The names pars_init_group and results_group.mat are fixed, so you need to park different group-estimations in different directories if you are working on more than one multi-species estimation.

General remarks

If you found the global minimum, you can copy the result, stored in results_group.mat to the pars_init_group.m file using mat2pars_init, just like the single-species case. Option setting 3 for results_output shows an html-page with all results for all species, which facilitates comparison. Option 4 combines the result with related species in the collection, just like the single-species case. The default plotting of figures can be overwritten with a custom_results_group file; an example is given in DEBtool_M/lib/pet.

The idea is that the multi-species estimation is done in a dedicated subdirectory, which has copies of all mydata, predict and pars_init files of the species in the group. Apart from the strategy to use a particular pars_init file as template for the pars_init_group file, it is possible to generate such a file, as well as the run_group file from the set of pars_init files with pars_init2mat; mat2pars_init.
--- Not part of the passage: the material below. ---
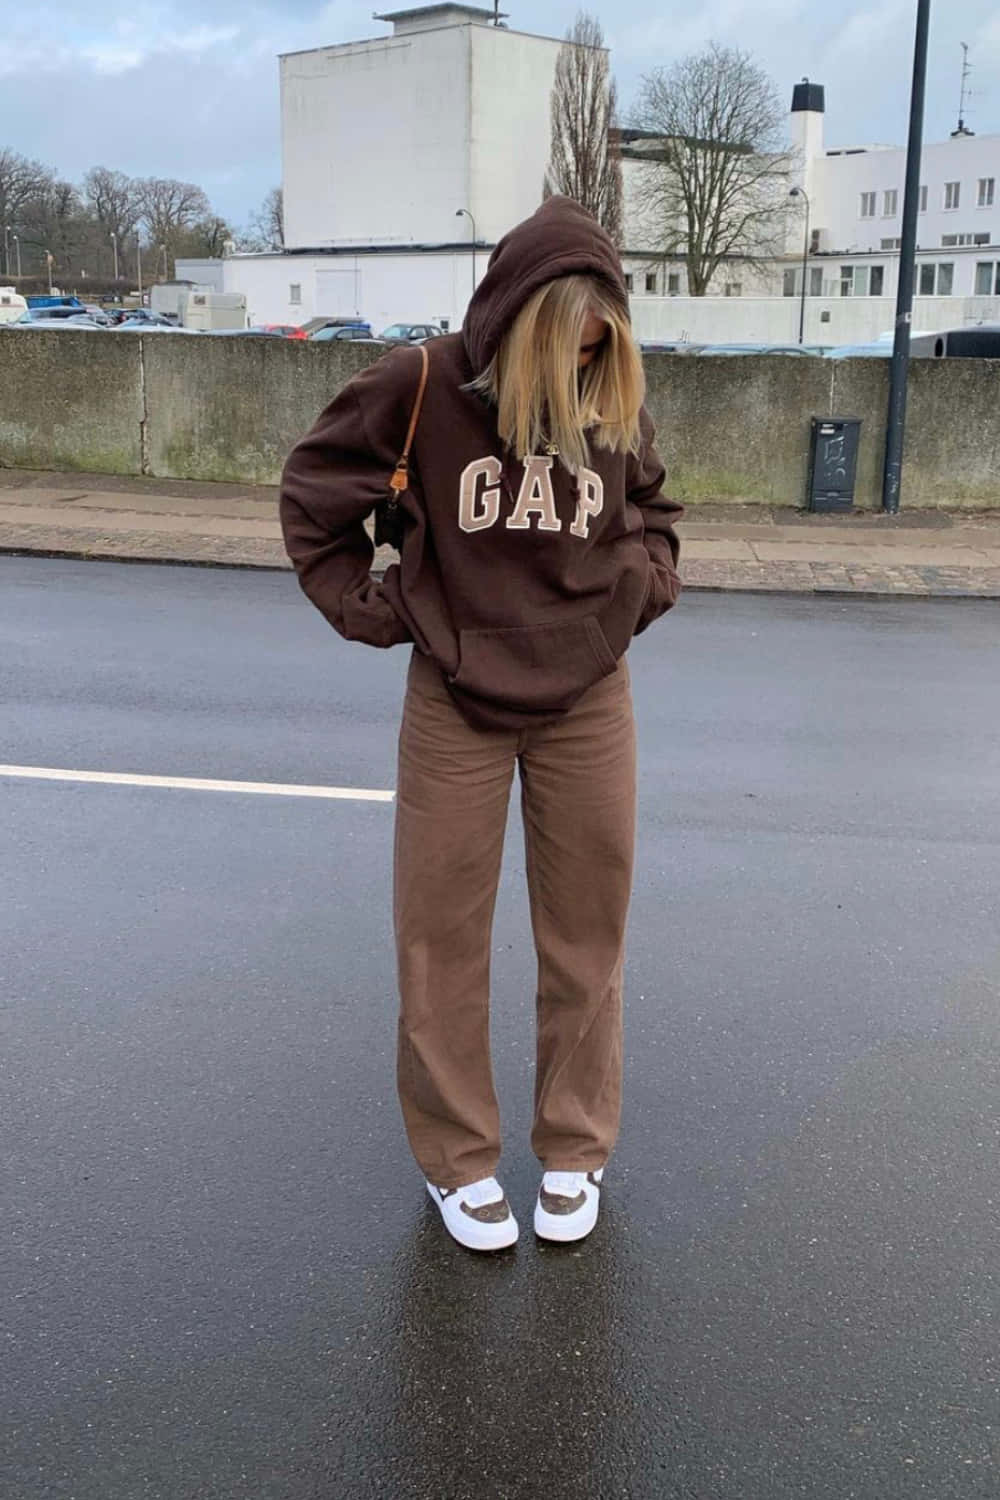 Download A Woman In Brown Sweat Pants And A Gap Hoodie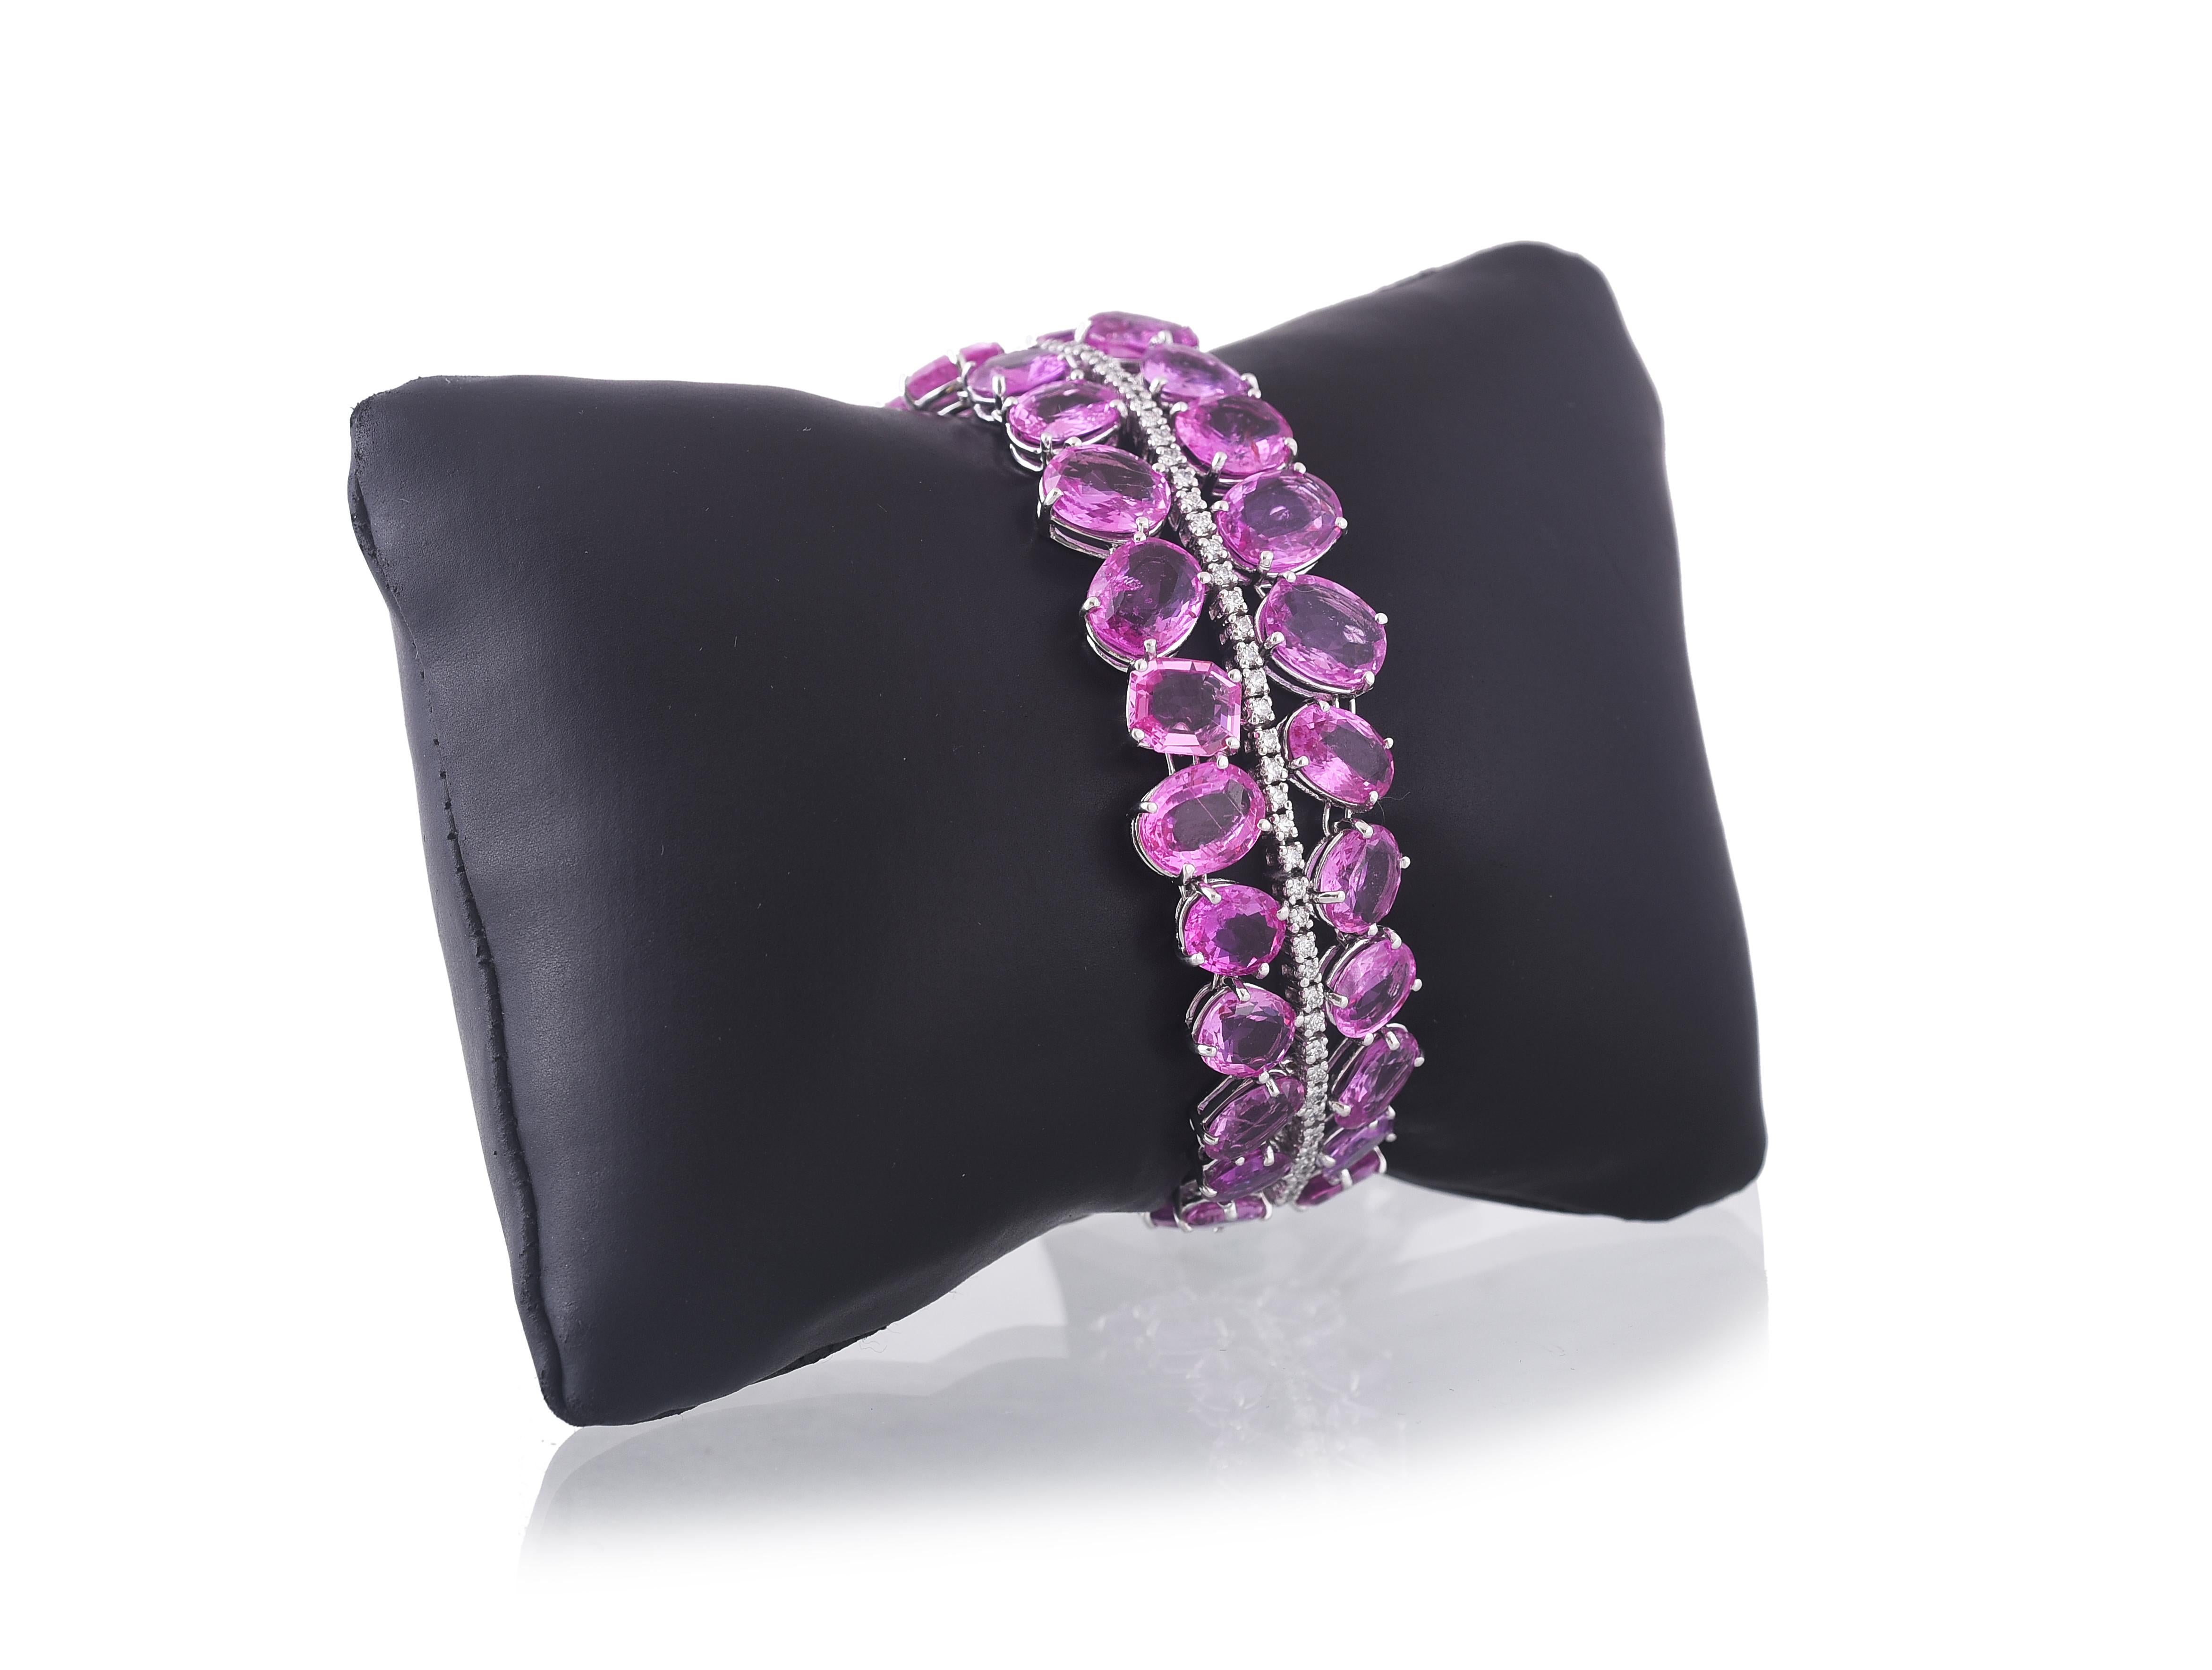 A gorgeous Pink Sapphire Rose Cut and Diamonds Bracelet set in 18K gold. The Pink sapphire is natural, a mix of heat and non-heat, originating from Madagascar, Africa. The weight of the Pink Sapphire is 68.61 carats. The total weight of the diamonds

Function pars_init2mat uses all mydata and pars_init files in the subdirectory and if no pars_init_group files exists, it writes one. The resulting file still needs some editing, since all parameters are now vector-valued, while the crux of the exercise is that at least some parameters are the same for all species, to arrive at a reduction in the number of parameters that needs to be estimated.

The finding the global minimum of the loss-function rapidly becomes harder with the number of parameters to be estimated, since the number of local minima increases, and the rate of conversion generally decreases. Although no theoretical limitations apply to the maximum group size, this principle poses a soft ceiling. Generally, the worse is the best fit, the more rugged is the surface of the loss-function, the more local minima exist and the harder it becomes to find the global one. If you think you found a global minimum, you might try to restart from there to check that the parameters don't move again. This restart restores the size of the simplex, which generally shrinks during estimation, increasing the probability to arrive at a local minimum that is not global. (A simplex is a set of parameter-sets with a number of elements that is one more than the number of free parameters. One of the elements in the set is the specified initial parameter set, the seed, the others are generated automatically in its "neighbourhood". The simplex method tries to replace the worst parameter set by one that is better than the best one, i.e. gives a smaller value of the loss-function.) This is one of the reasons why a series of short runs with continuation, using estim_options('pars_init_method', 1); in the run-file (see below), is to be preferred above a single long run. We suggest to use estim_options('max_step_number',500);. With key `arrow-up' you can go back to your previous Matlab-command; pressing key `enter' you continue estimation. So it takes just two key-hits to continue estimation. Sometimes a small simplex size is required to reach the global minimum (e.g. to squeeze through the "key-hole"), motivating a larger maximum step number in the direct neighborhood of that minimum.

The MRE's and SMSE's of the species in the group must be higher than for each species separately, since fewer free parameters are used, giving further constraints on their values. The general idea of a successful multi-species estimation is that the decrease in number of estimated parameters more than compensates the decrease in goodness of fit, with the hope that the parameter values increase in realism (especially relevant for poorly-determined parameters).

Although multi-species parameter estimation can be scientifically important, the AmP data base has presently no system to accommodate the cross-linking between different entries. This means only results from single-species estimation can be submitted for publication in the AmP data base, since we want to maximize clarity about the step from data to parameter values.